> Exercise
Copy the listing below exactly, but skip the pictures.

======== Dataset content ========

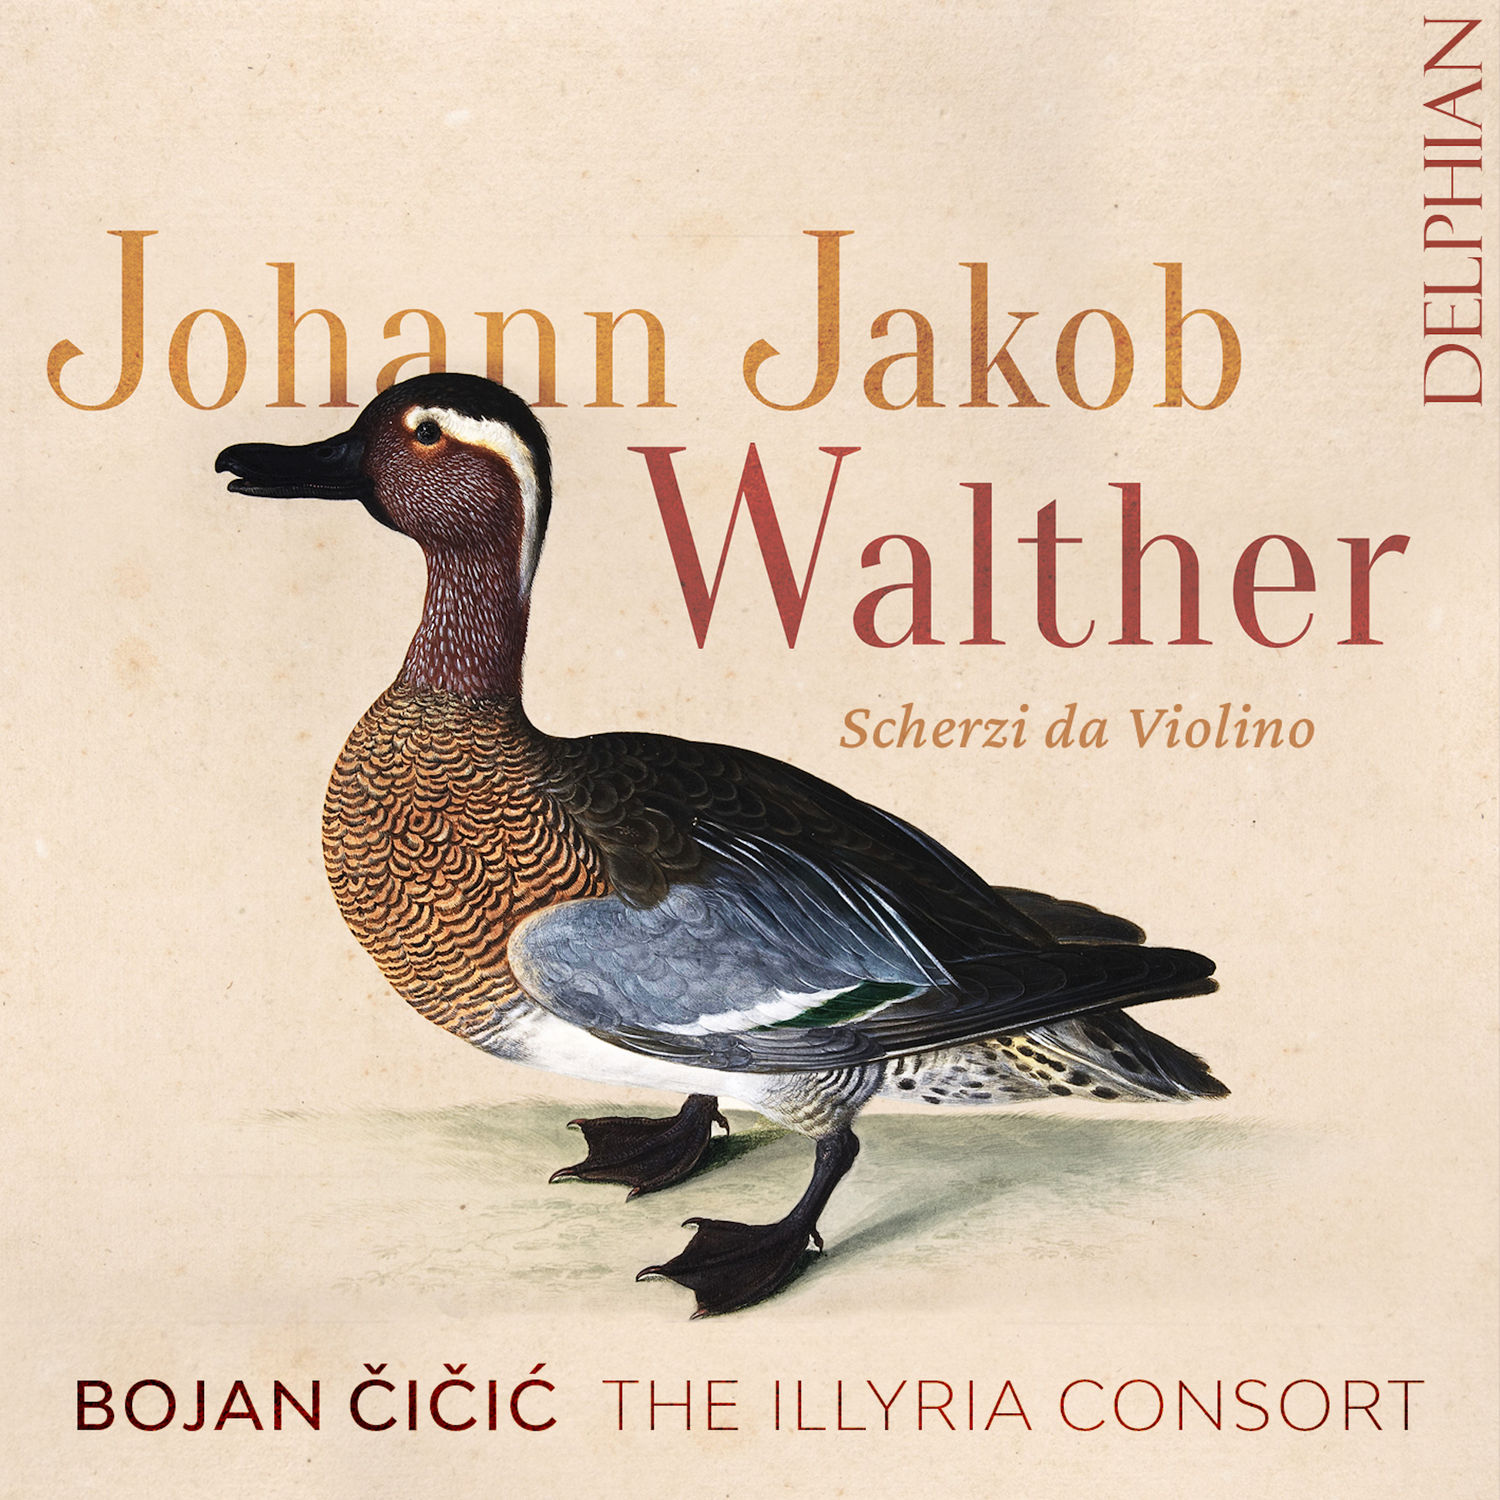 Walther, Johann Jacob - Scherzi da violino solo, 1676 - Bojan Cicic
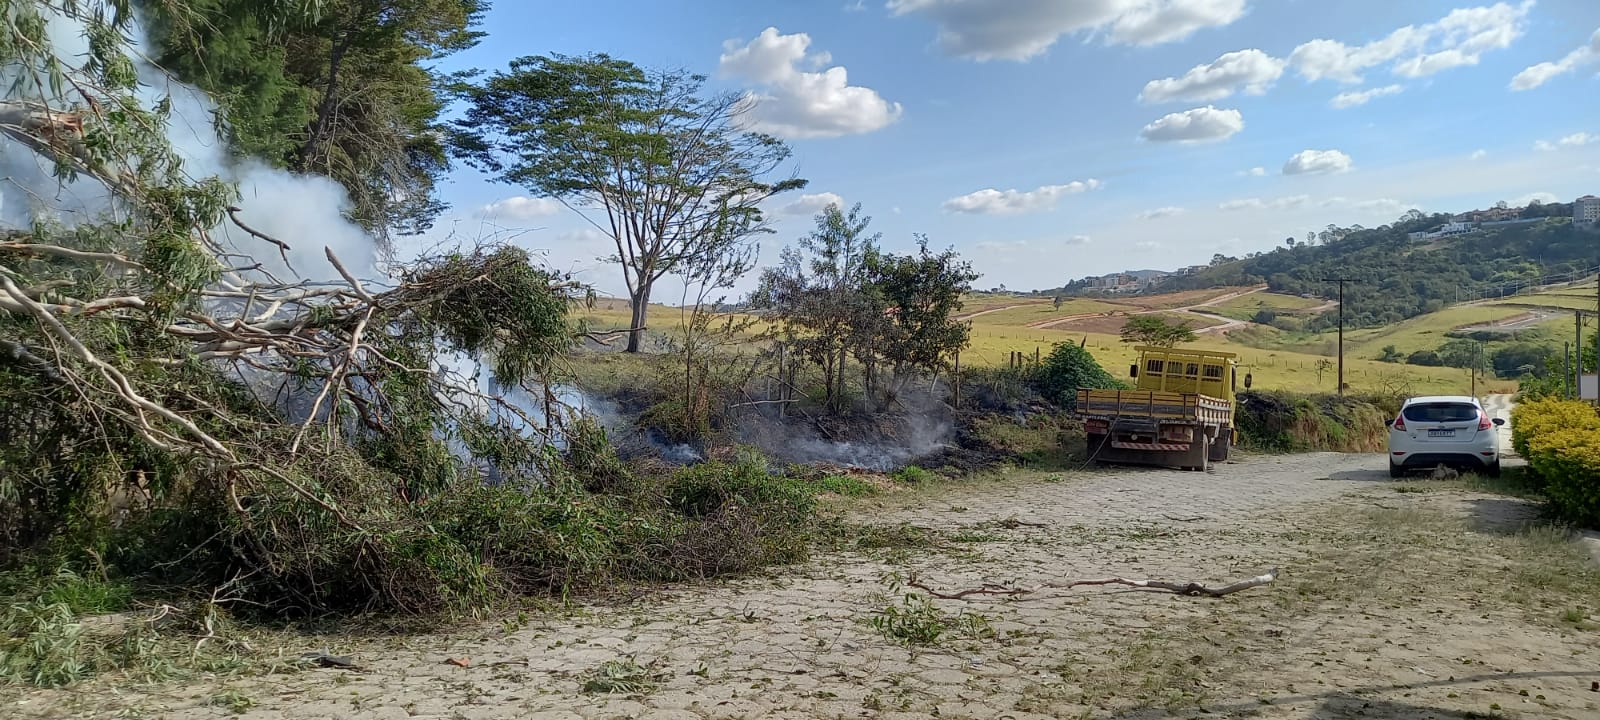 Incêndio em vegetação coloca em risco rede elétrica
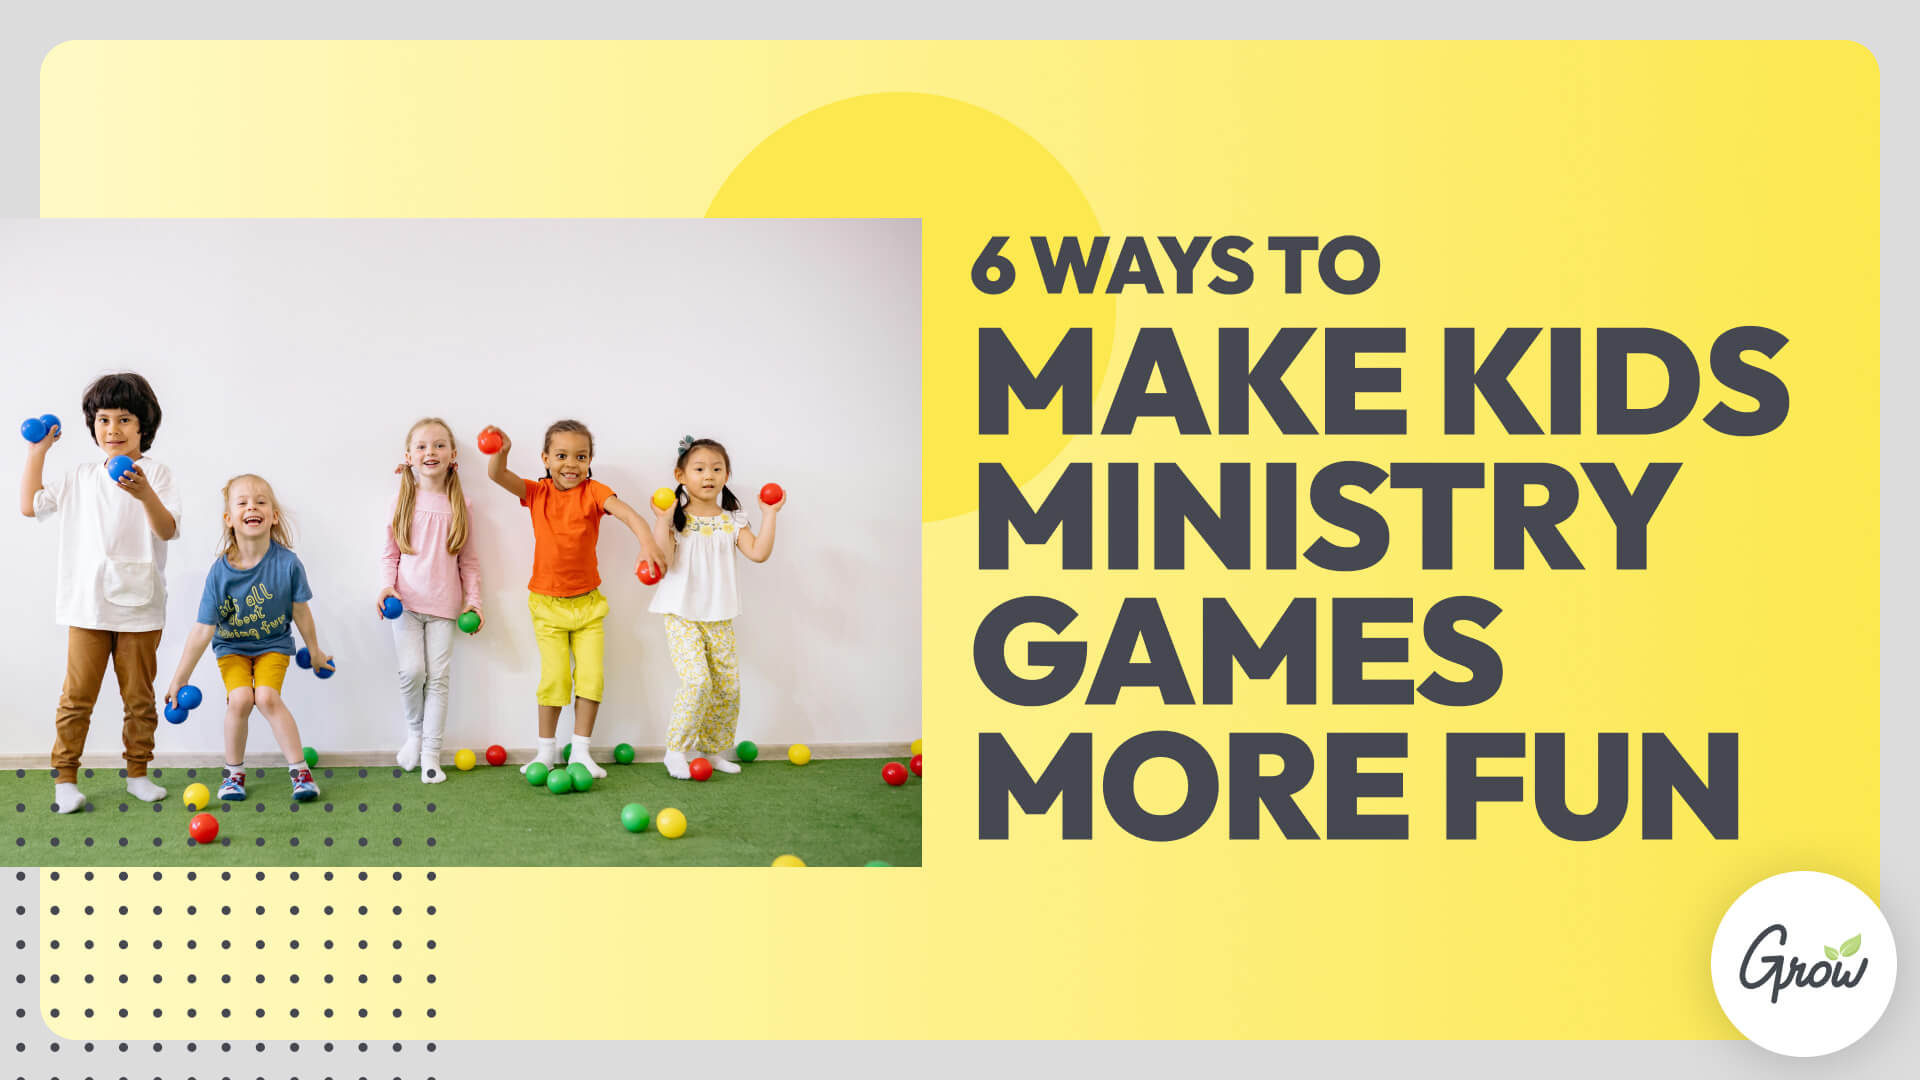 6 Ways to Make Kids Ministry Games More Fun
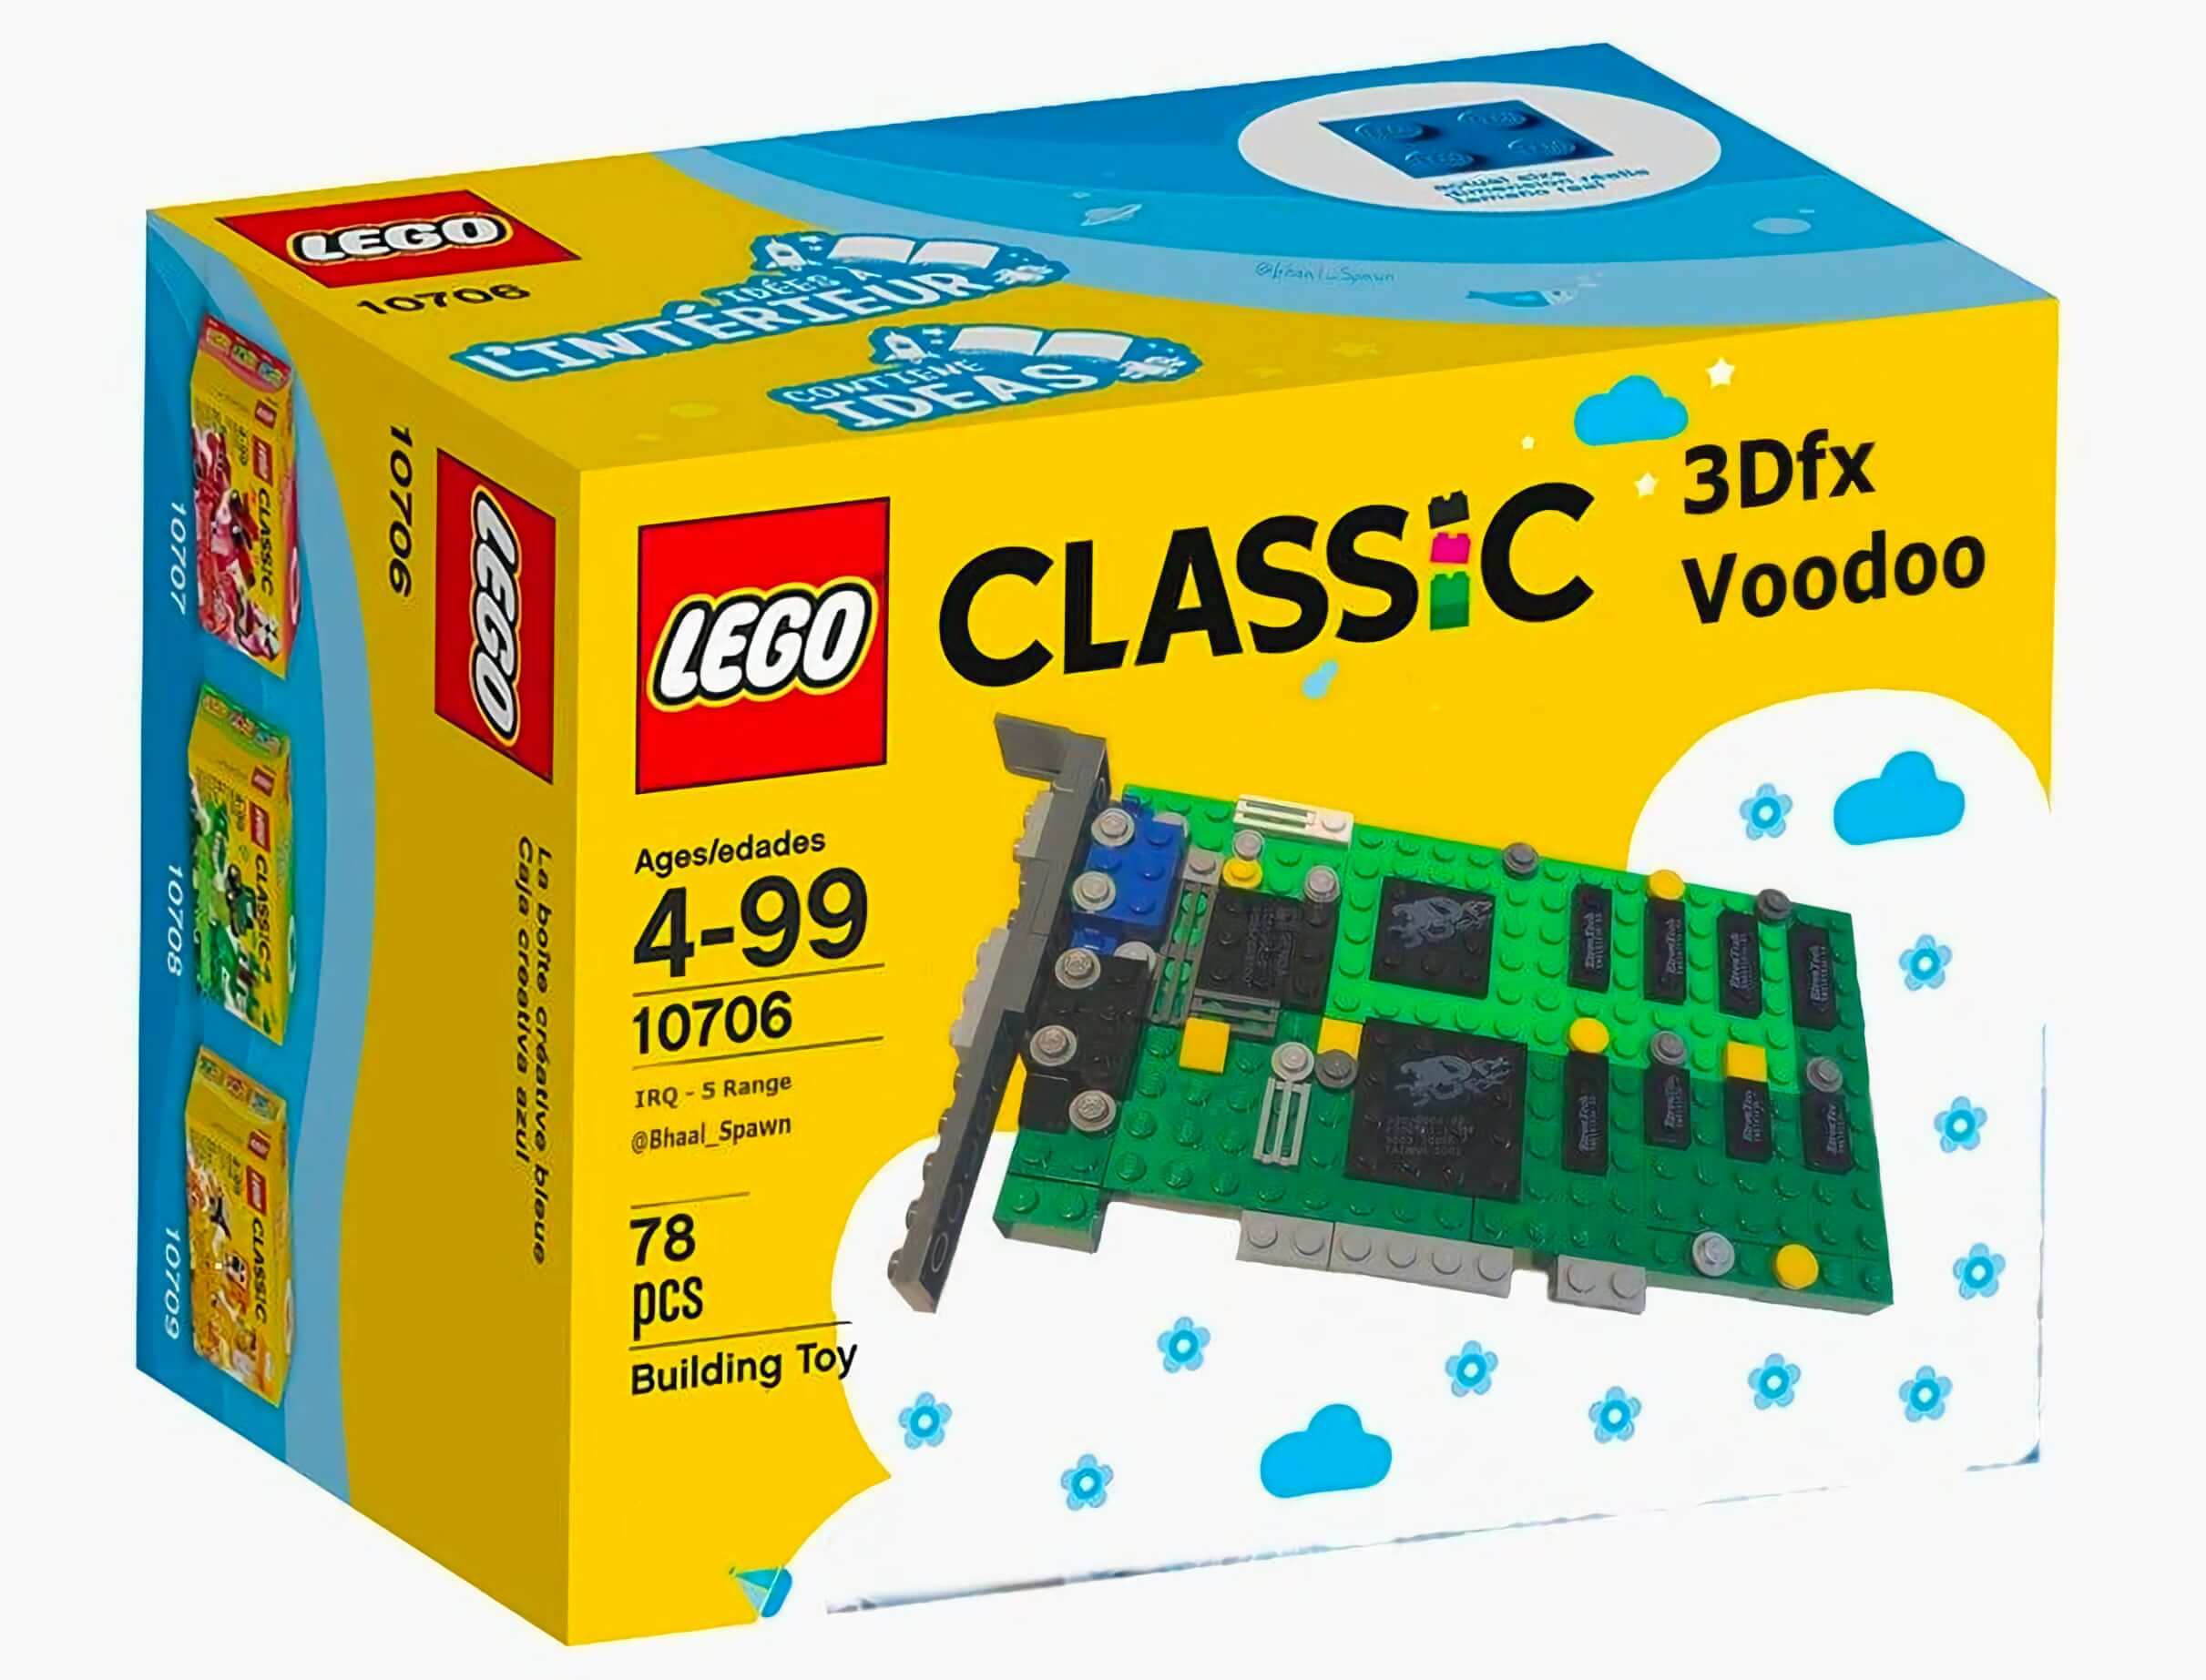 3Dfx Voodoo 3D grafik kartı LEGO ile canlanıyor

========

> Solution to this exercise
 Walther, Johann Jacob - Scherzi da violino solo, 1676 - Bojan Cicic
 Incêndio em vegetação coloca em risco rede elétrica
 6 Ways to Make Kids Ministry Games More Fun
 3Dfx Voodoo 3D grafik kartı LEGO ile canlanıyor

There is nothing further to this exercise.